Contenitore di emozioni, spiritualità e sensi secondi

Un film eccentrico, prismatico, per molti versi raffinatissimo. Si sarebbe tentati di classificarlo – riduttivamente – una commedia romantica, plausibilmente volta al femminile  (sono tutte di donne o quasi le presenze costruttive e benigne attorno a Michal) o, scioccamente peggio, di pieghe femministe. E sarebbe come liquidarlo tra i tanti. Invece Rama Burshstein, con i toni smorzati e un tocco incredibilmente lieve eppure capace d’infiltrazione profonda, perfino viscerale, trasferisce al suo fertile personaggio (subime attrice è Noa Koler) un tale carico di emozioni, spiritualità e sensi secondi da imporne costantemente le caratteristiche di grande contenitore per sentimenti e sfumature.

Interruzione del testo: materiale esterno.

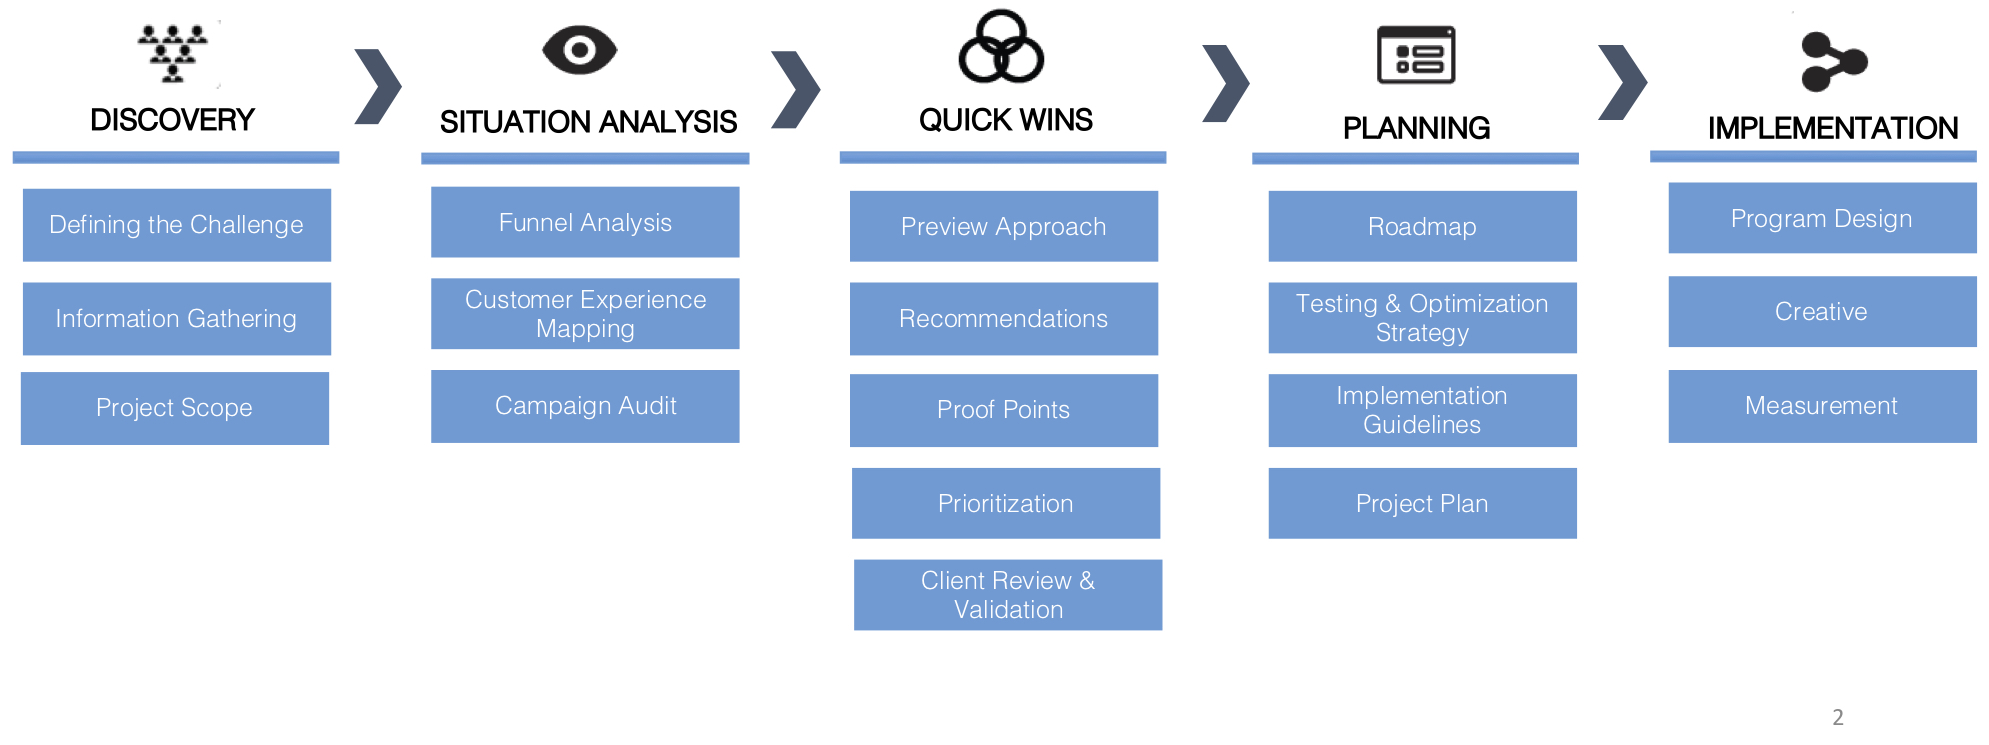 AgileCMO approach graphic.jpg
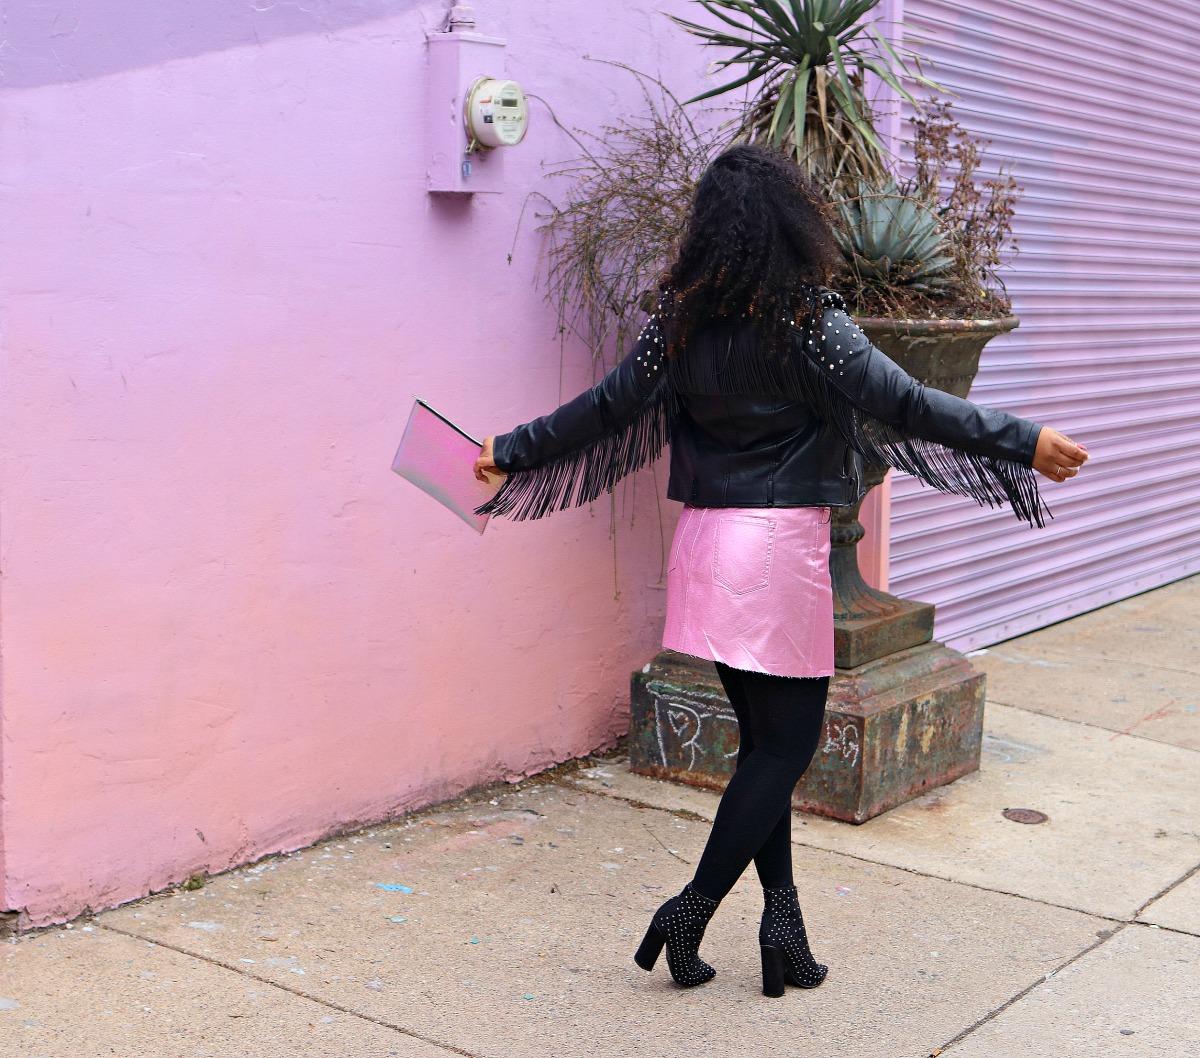 Style & Poise-Feminine Edge, Pink Metallic Mini, Studded Leather Jacket, Studded Boots.

Un intrigante gioco d’azzardo con il destino

Dietro la sua Fede caparbia e l’inflessibilità che sembrano a momenti ostacolare approcci e rapporti, c’è difatti un mondo di bontà, prodigalità e semplicità che conduce alla grandezza. Il marito per lei rappresenta la normalità, l’amore e il rispetto (non la rispettabilità) sociale. Questo, da raggiungere nell’ortodossia religiosa, è tutto ciò che vuole: da agguantare a costo di portare fino in fondo il suo stravagante gioco d’azzardo col destino. È dolce Michal, , non bellissima, appena rotondetta e di gusti un po’ kitsch nell’abbigliarsi, si circonda di animali da mostrare ai bambini – tra i tanti nientemeno che un serpente – perché ha una fattoria didattica e gira col suo furgone zoologico per le scuole, è ingenua e romantica, insegue gli accordi e le armonie tra la vita e la fede. Senza difesa, senza rete. Quasi a metà strada – ma come idea soltanto - tra la Merlettaia di Claude Goretta e la Bridget Jones di Sharon Maguire/Helen Fielding

Ancora un buon motivo per amare la signorina Michal

Di qui tutta la bellezza di questo personaggio e, in definitiva, del film che lo genera e al medesimo tempo ne deriva. Perché se da una parte il pazzo andare della storia, così come la ordisce Michal, trascina nelle amenità di una intelligente trovata di sceneggiatura e di un suo incipit che già faranno gola ai cacciatori di remake, dall’altra parte esplora il cuore e la mente della protagonista disegnando con amorevolezza, premura  e discrezione un carattere di rara intensità. Insomma difficile non voler bene a Michal, che pasticcia e sbaglia mira – anche per troppa sincerità - negl’incontri, a volte comici, con i possibili candidati al matrimonio. E che romanticamente insegue un sogno di felicità riuscendo addirittura a commuovere con la grazia della sua disperazione. Che finezza.